Wireless systems typically also include functionalities to monitor the quality of the present radio link between the UE and the network, and a radio link failure (RLF) is detected when certain criteria are fulfilled. When the RLF occurs, appropriate actions are taken to recover or reestablish connection between the UE and the network.
Similar to the aforementioned mobility measurements, the radio link quality measurements also require the receivers be turned on. Thus, the RLF detection is dependent on the sleep-periods applied to the receivers. To facilitate long DRX opportunities, 3GPP requirements specify less stringent radio link quality monitoring when the UE is in a sleep mode, c.f. TS 36.133, clause 7.6.
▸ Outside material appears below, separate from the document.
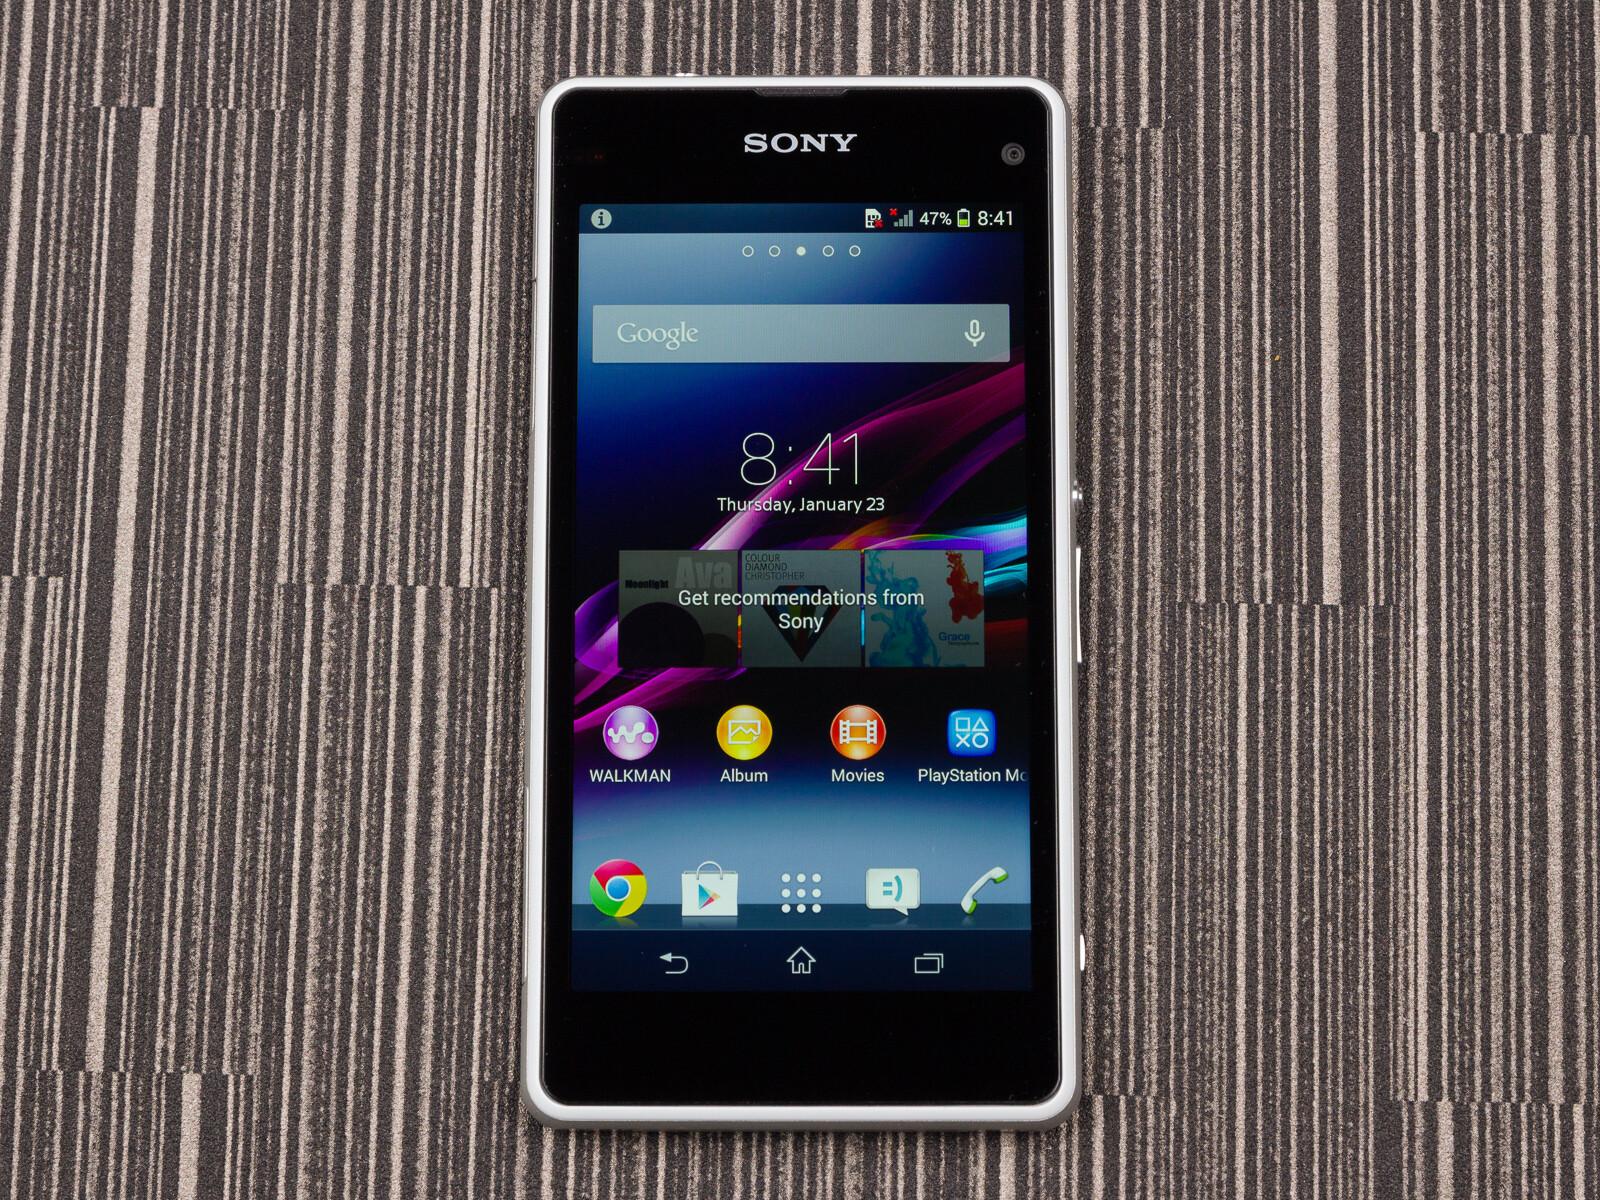 Sony Xperia Z1 pact 5
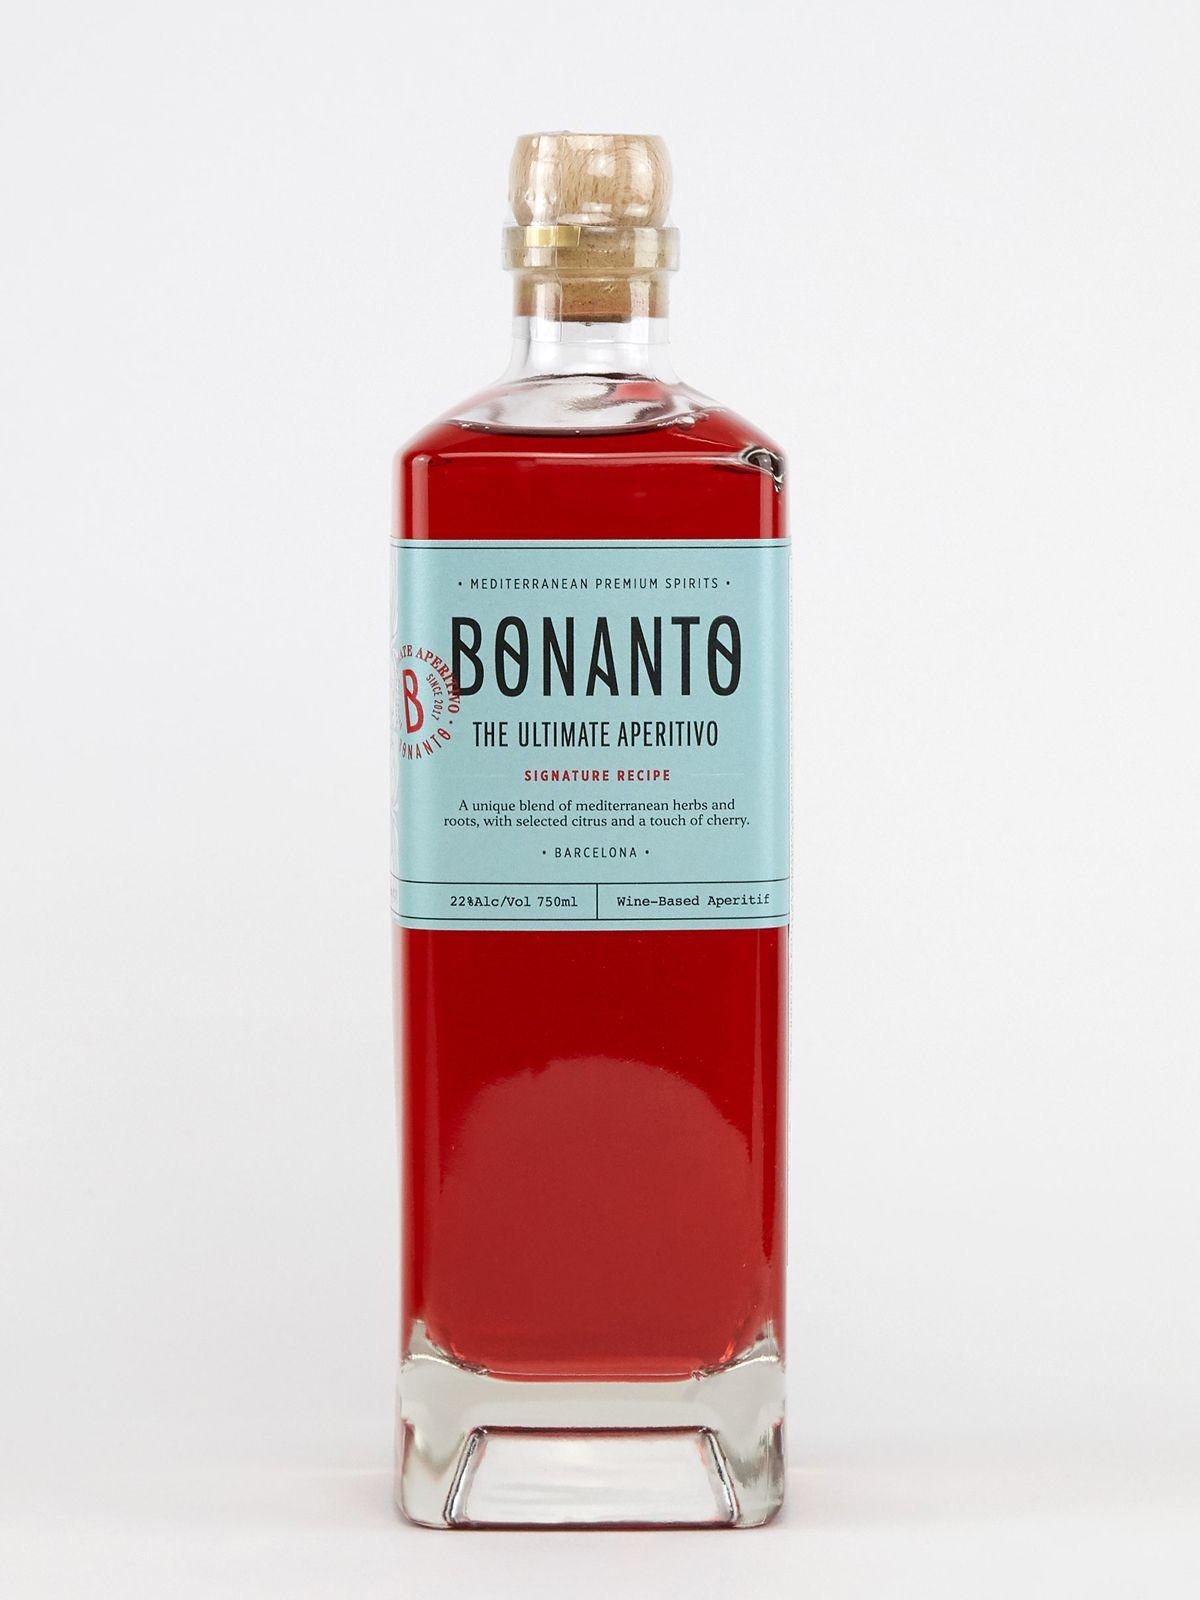 Bonanto The Ultimate Aperitivo - Zutat im Cocktail Set

In the RRC_CONNECTED state, the network controlled mobility applies until the UE declares an RLF, after which, the UE is allowed to select a better cell to recover the connection. Unfortunately, the declaration of the RLF and recovery therefrom can take a considerable amount of time, during which the UE may lack means to transmit or receive any data.
It is seen that a combination of long DRX cycles and UE assisted, network controlled mobility pose a tough challenge. For example, an inactive UE with a long DRX moving towards a cell border may not provide sufficiently accurate measurements to the network or may even fail to provide reports at all due to delay, thereby resulting in a failed handover or a radio link failure. Providing accurate measurements on the other hand would waste the power-saving opportunities offered by the DRX periods.
Since both the mobility measurement accuracies and the RLF criteria are functions of the DRX periods, the UE may remain without means to transmit or receive data during a non-negligible amount of time. The network will be unaware of this status of the UE, as the UE may not have been able to report any measurements to the network before the problem arises. In the RRC_CONNECTED state, the UE is allowed to communicate with the serving cell only, i.e, the cell the UE is currently connected with. However, without knowledge of the UE status, the network is not able to move the UE to a better cell.
Another problem is that when the UE is at a cell border, measurement reports may be triggered repeatedly. Whenever a measurement report is triggered, the UE leaves the DRX to transmit the report. If this situation prevails, the UE will not be able to remain in a battery saving mode, and the UE stand-by time in the RRC_CONNECTED state will be reduced significantly.